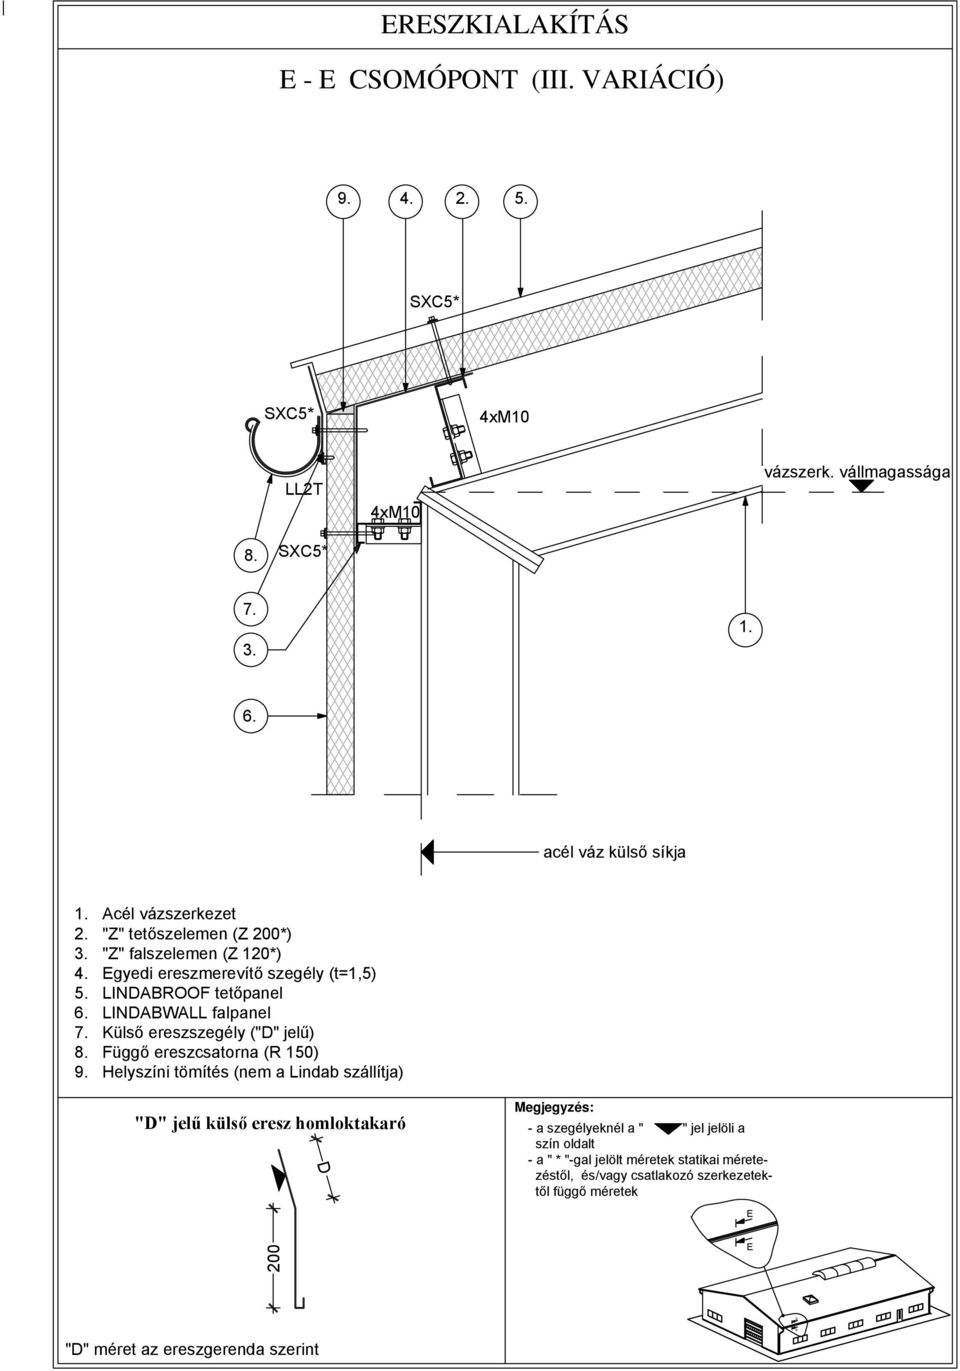 INDABROOF tetőpanel INDABWA falpanel Külső ereszszegély ("D" jelű) 8. Függő ereszcsatorna (R 150) 9.
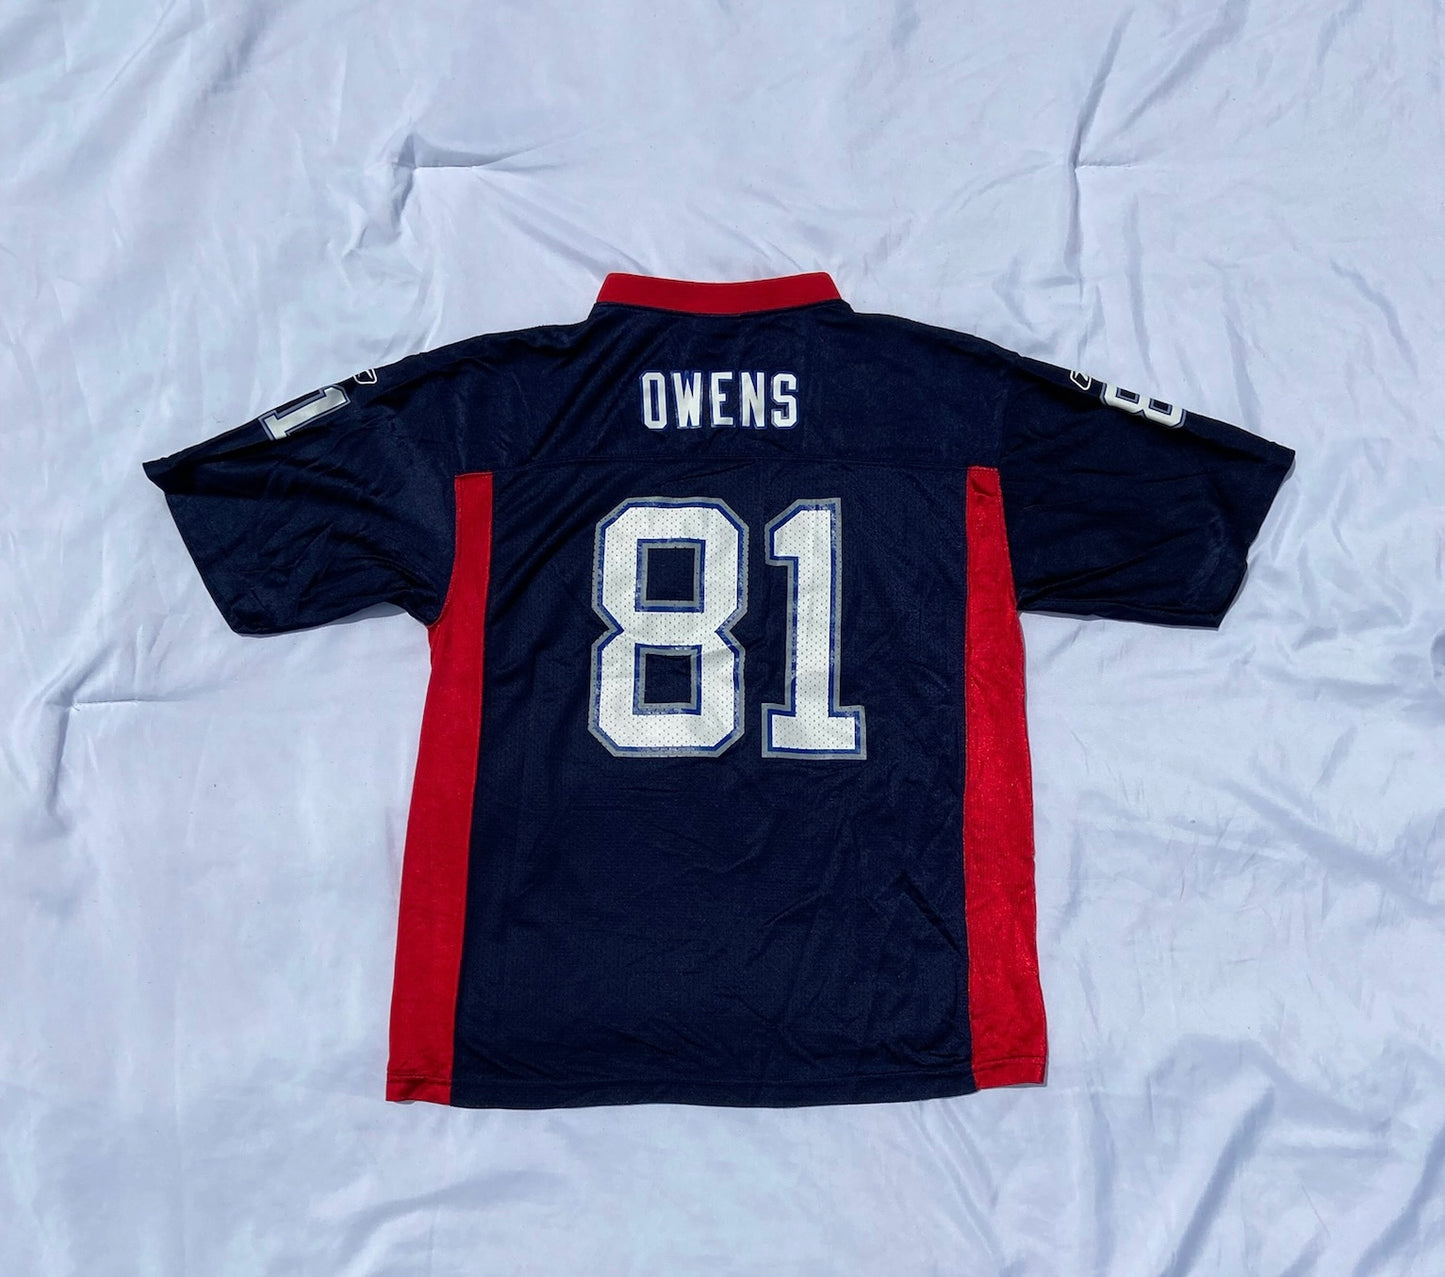 Bills Owens Jersey
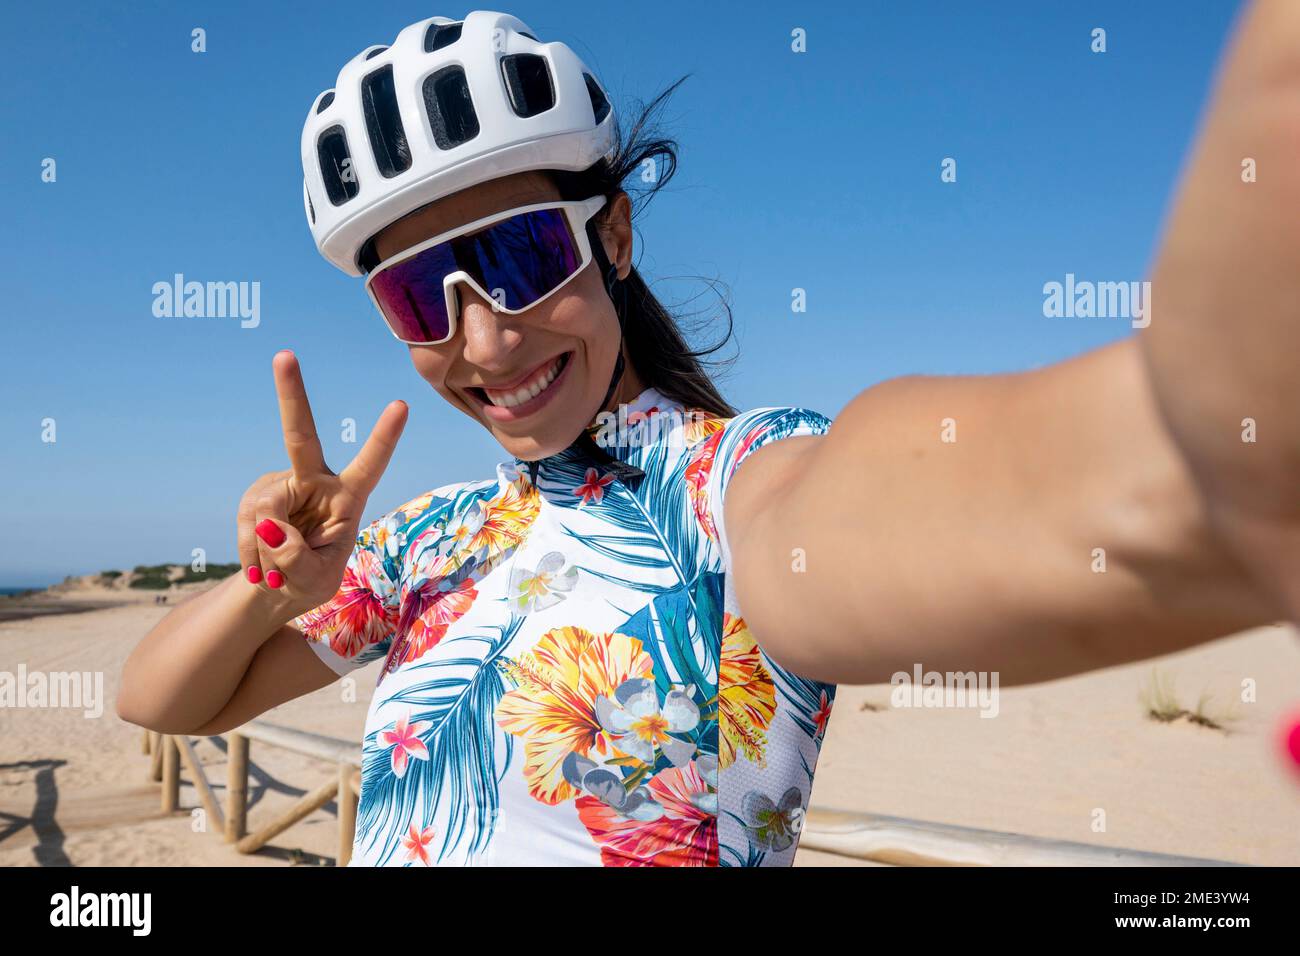 Glücklicher Radfahrer im Helm, der eine friedliche Geste zeigt und Selfie macht Stockfoto
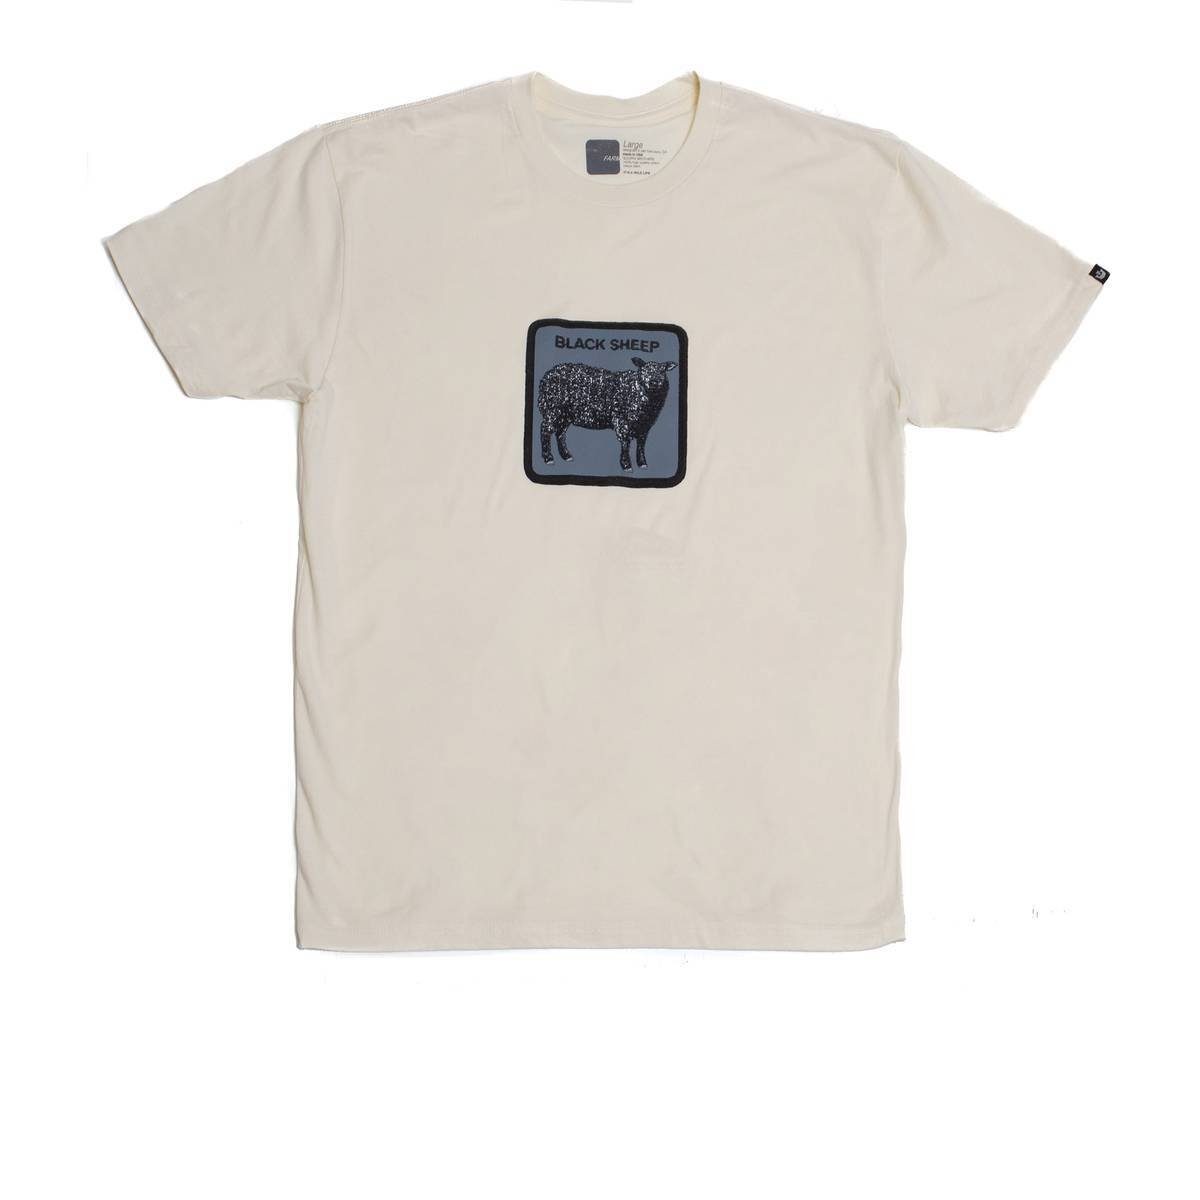 GOORIN Bros. T-Shirt Herren T-Shirt - Rundhals, Baumwolle, Logo-Patch Black Sheep - Beige
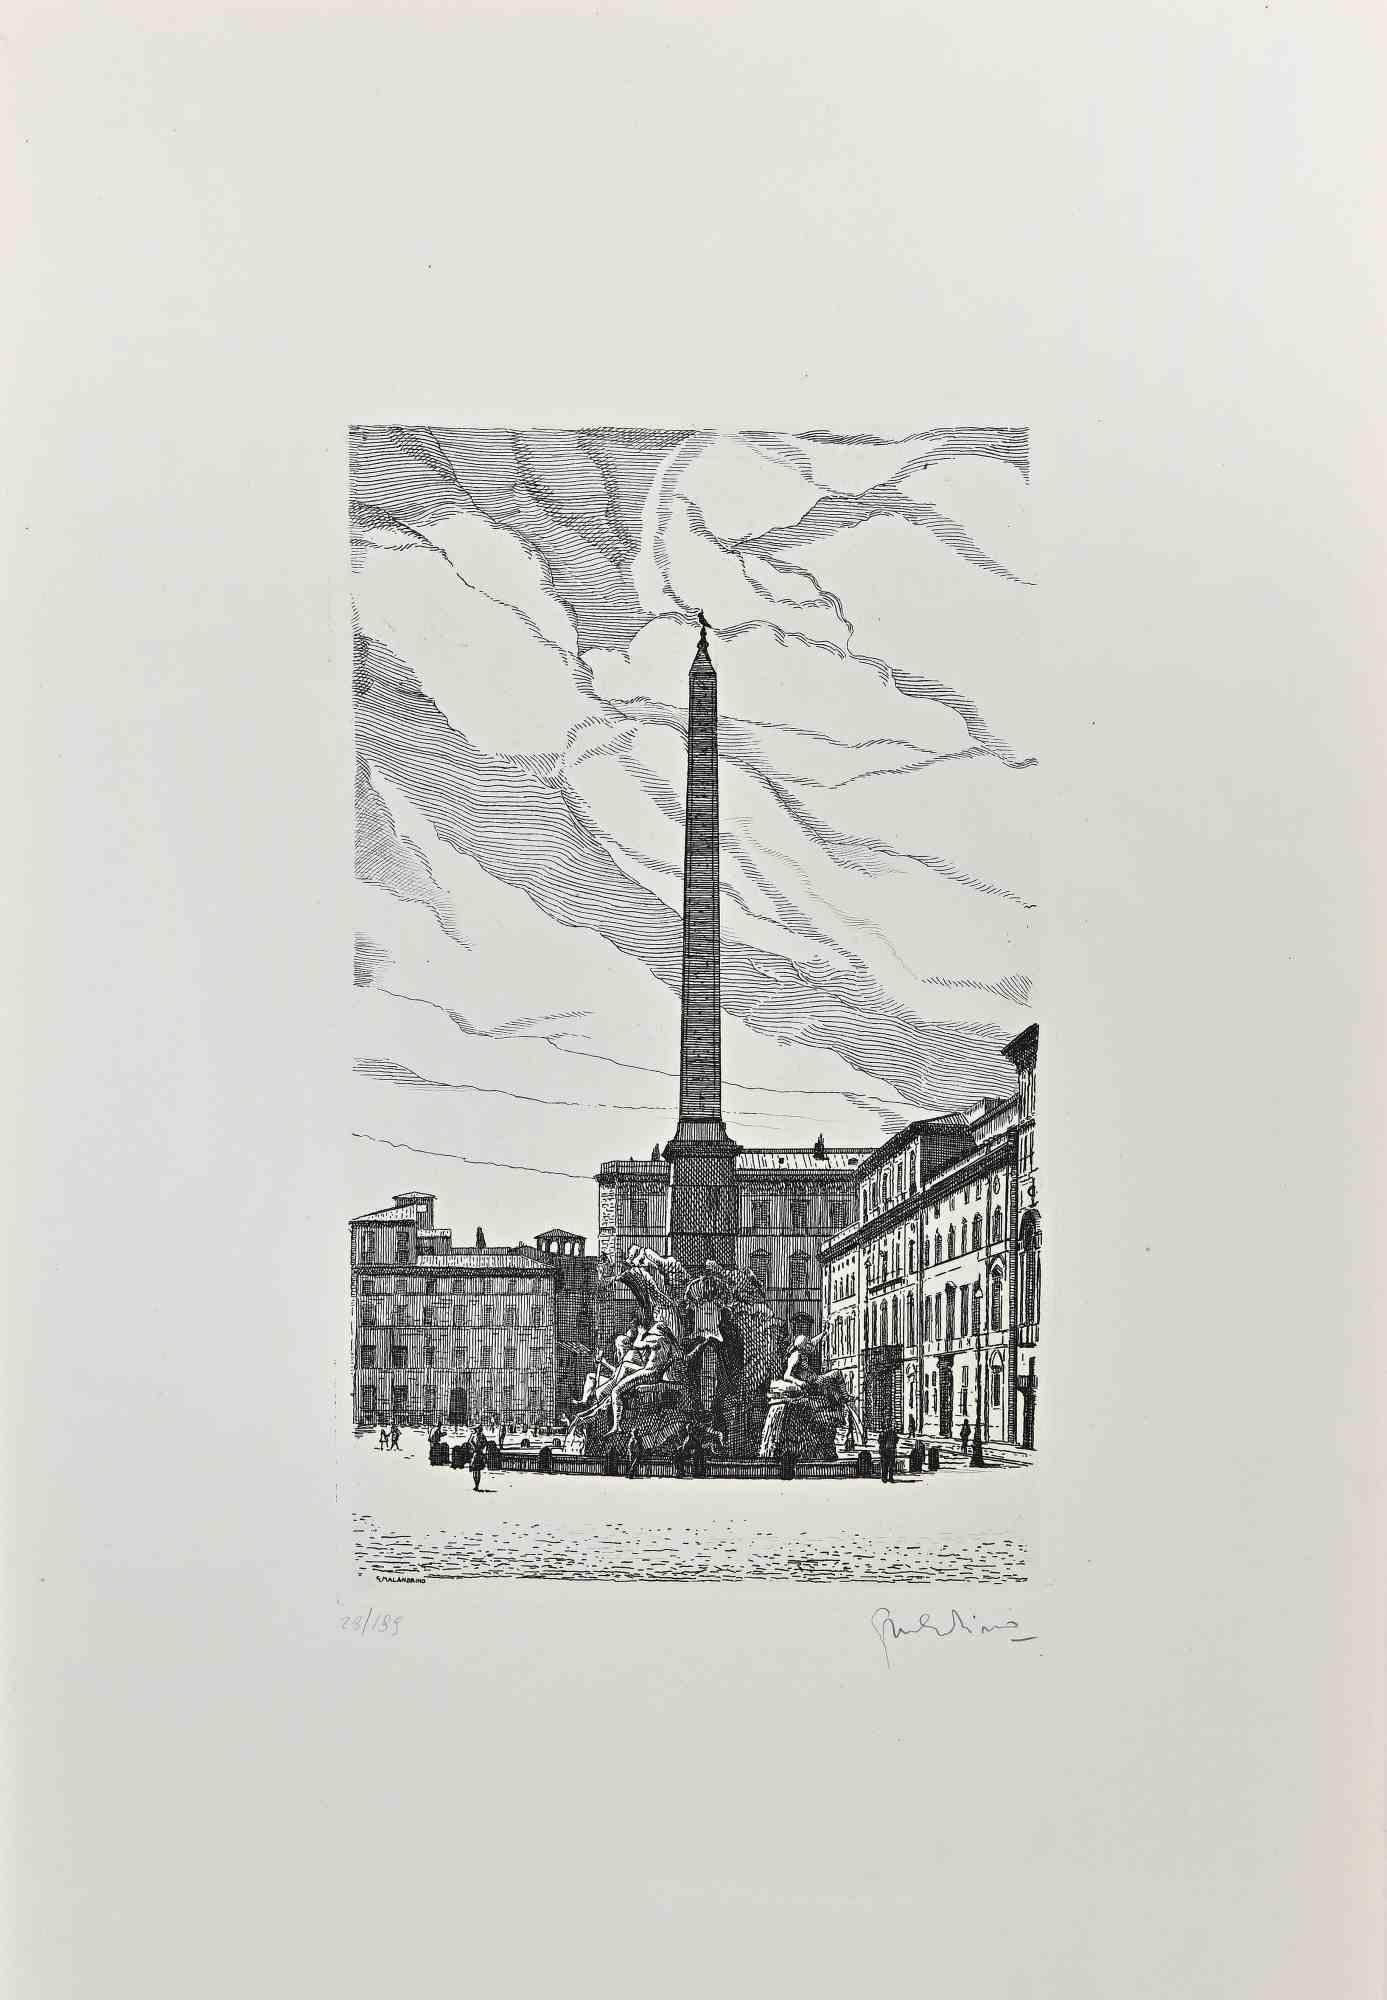 La Fontaine des quatre fleuves est une œuvre d'art contemporain réalisée en 1970 par l'artiste italien Giuseppe Malandrino (Modica, 1910 - Rome, 1979).

Gravure sur carton. Signé à la main au crayon en bas à droite.

Numéroté en bas à gauche

- - -

• _PROBLEM STATEMENT_: What are the lines from the one containing "Gravure sur carton." to the end of the material above? Return them exactly, and only them.

• _SOLUTION TO THIS PROBLEM_:
Gravure sur carton. Signé à la main au crayon en bas à droite.

Numéroté en bas à gauche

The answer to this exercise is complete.